In dettaglio, dalle indicazioni operative emerge una serie di attività propedeutiche da svolgere nella fase di accesso negli studi, tra le quali rileva, oltre all’individuazione del responsabile della segnalazione e dell’eventuale attività di formazione posta in essere per diffondere la conoscenza della materia tra i dipendenti e i collaboratori, anche l’acquisizione di informazioni in merito alle eventuali “procedure interne di regolamentazione” aventi ad oggetto l’iter valutativo delle segnalazioni.
Una volta conosciuto il procedimento interno, la check list dei controlli prevede l’acquisizione della documentazione disponibile presso lo studio professionale.

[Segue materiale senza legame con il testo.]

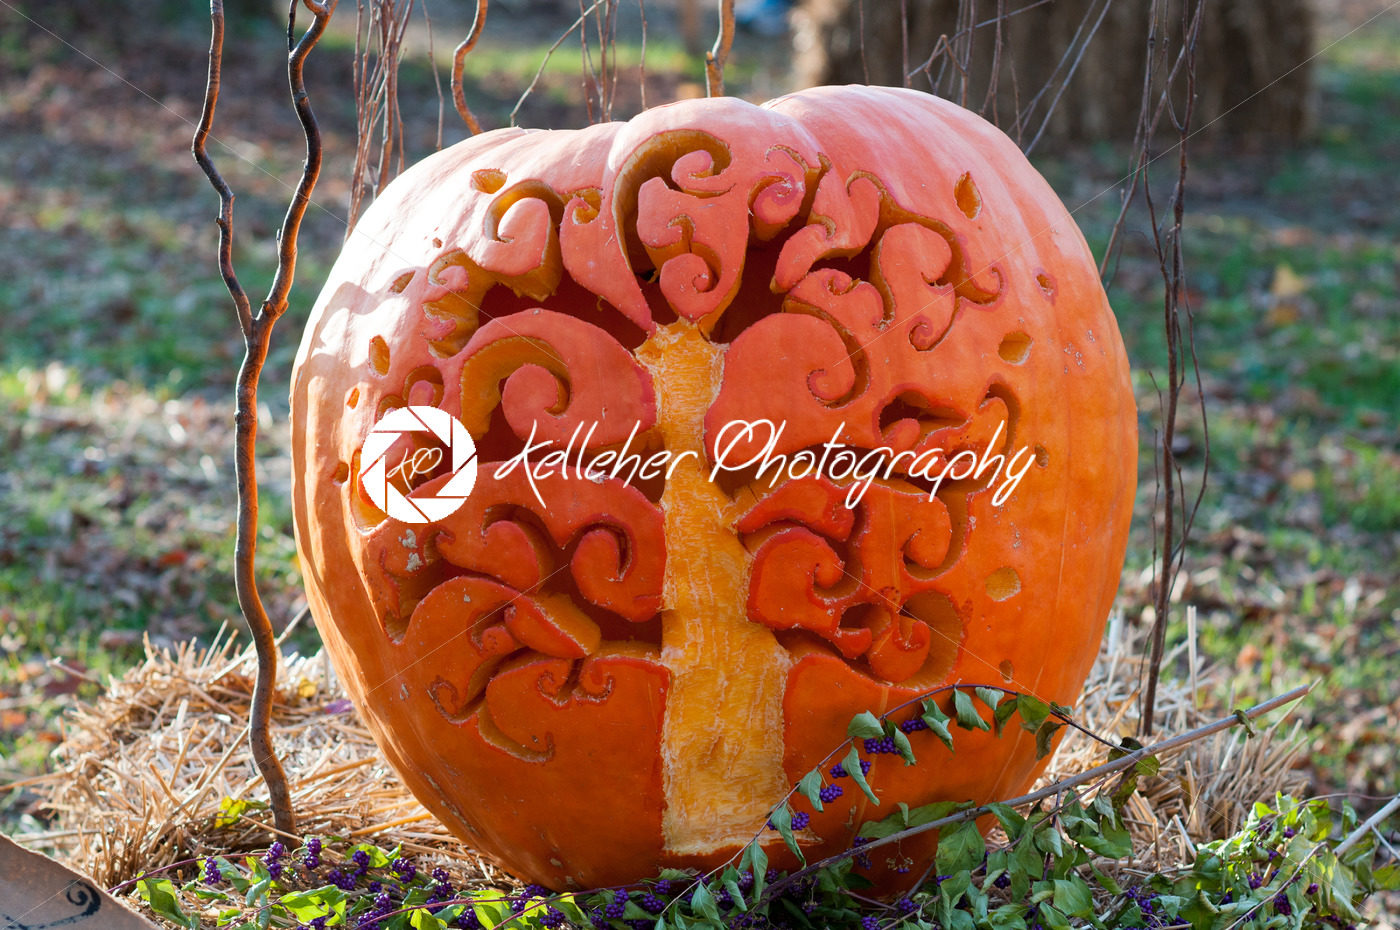 CHADDS FORD, PA – OCTOBER 26: Tree Pumpkin at The Great Pumpkin Carve carving contest on October 26, 2013 - Kelleher Photography Store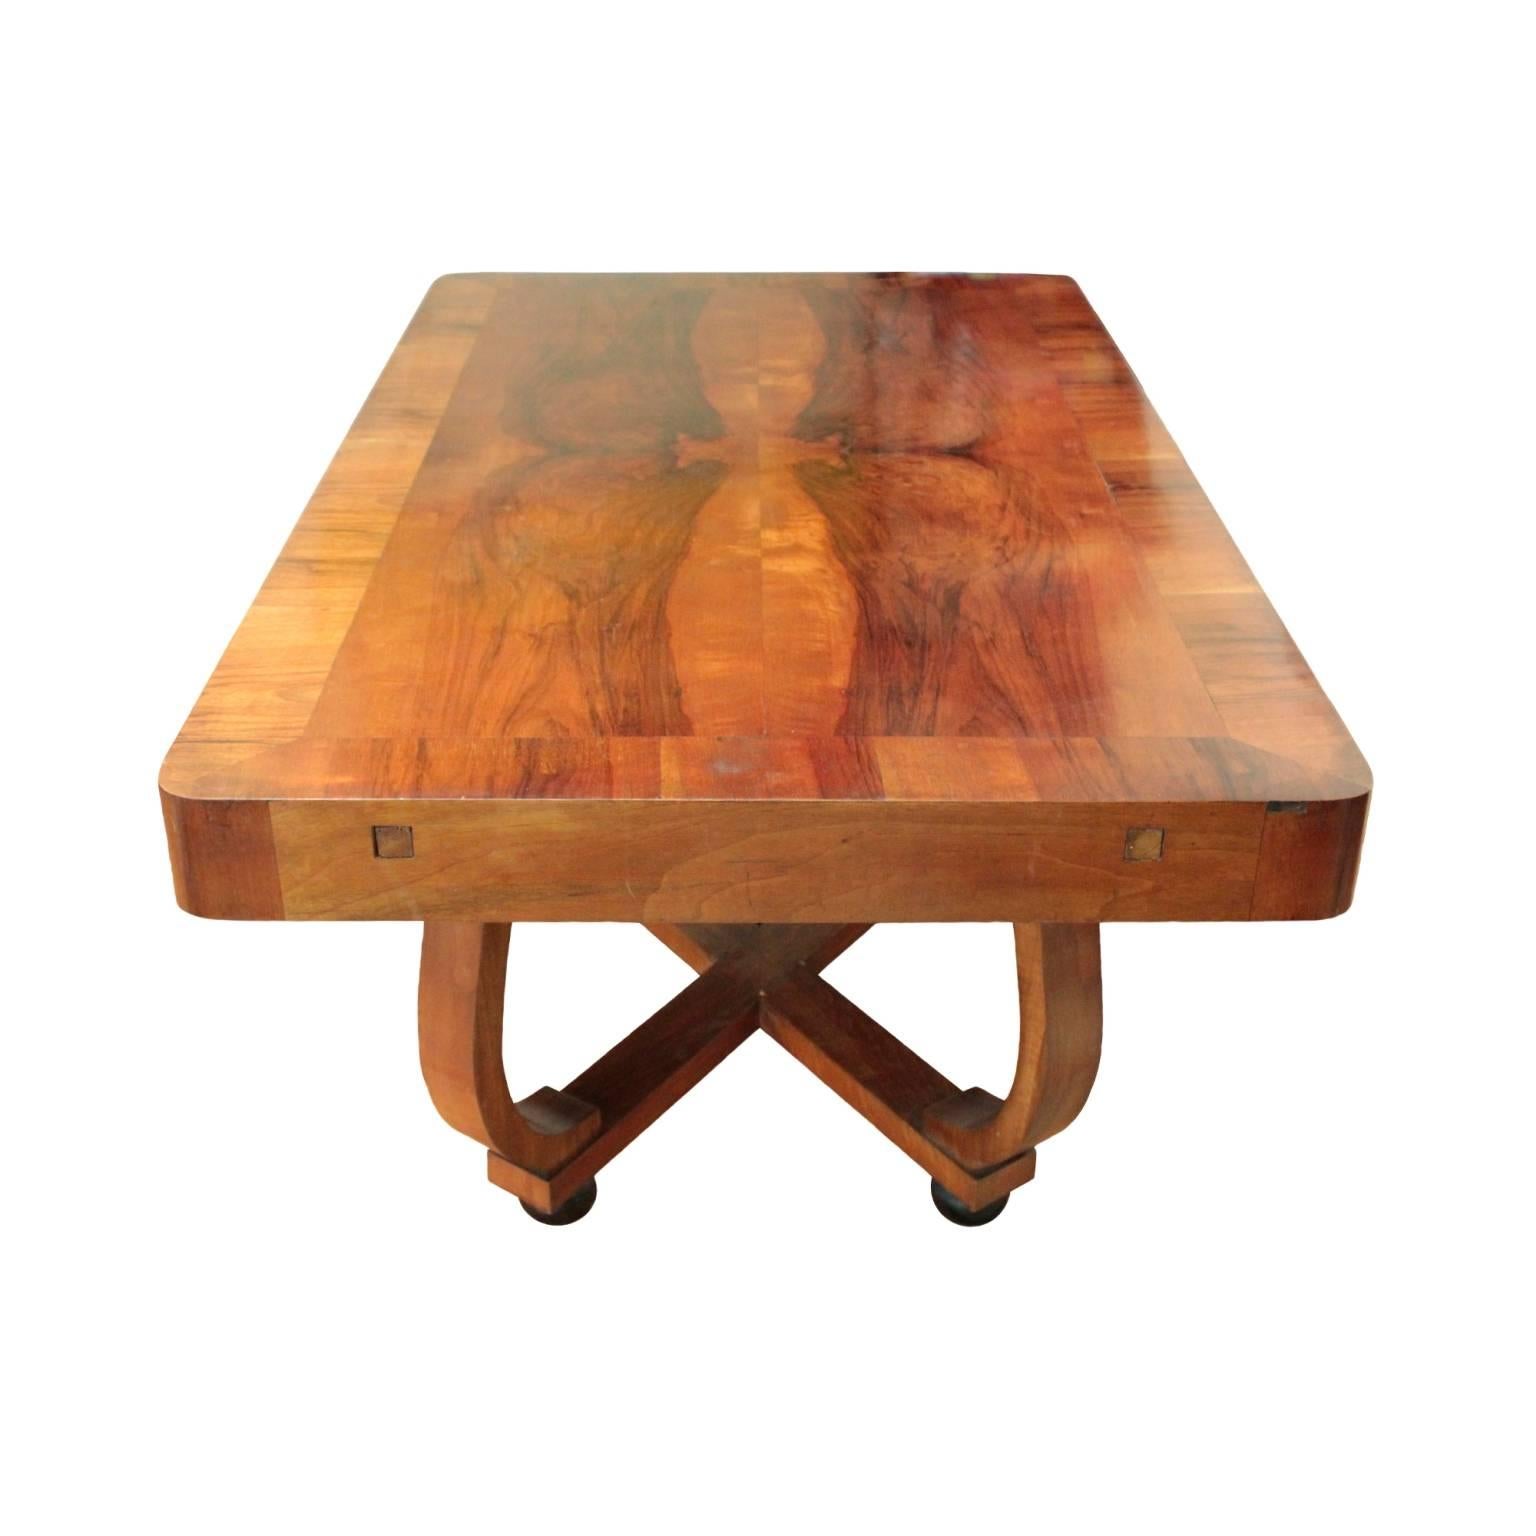 French Art Deco Period Rectangular Dining Table In Good Condition For Sale In Hudson, NY

A tal fine, la GdF potrà avvalersi del campione già oggetto di selezione in materia di adeguata verifica o di registrazione dei dati, ovvero individuare un nuovo campione di operazioni o prestazioni professionali ritenute maggiormente significative in relazione, ad esempio, all’importo o alla localizzazione territoriale (si pensi ai Paesi con regime antiriciclaggio non equivalente o comunque noti come centri off shore, ovvero ai Paesi a fiscalità privilegiata); alla causale che le contraddistingue (gestione di strumenti finanziari, operazioni di finanza straordinaria, operazioni di vendita di beni mobili ed immobili); alle attività comunque collegate, anche indirettamente, a trust, società fiduciarie o ad enti no-profit; alla loro riferibilità ai nominativi con movimentazioni finanziarie di importo unitario più elevato, ovvero maggiormente ricorrenti.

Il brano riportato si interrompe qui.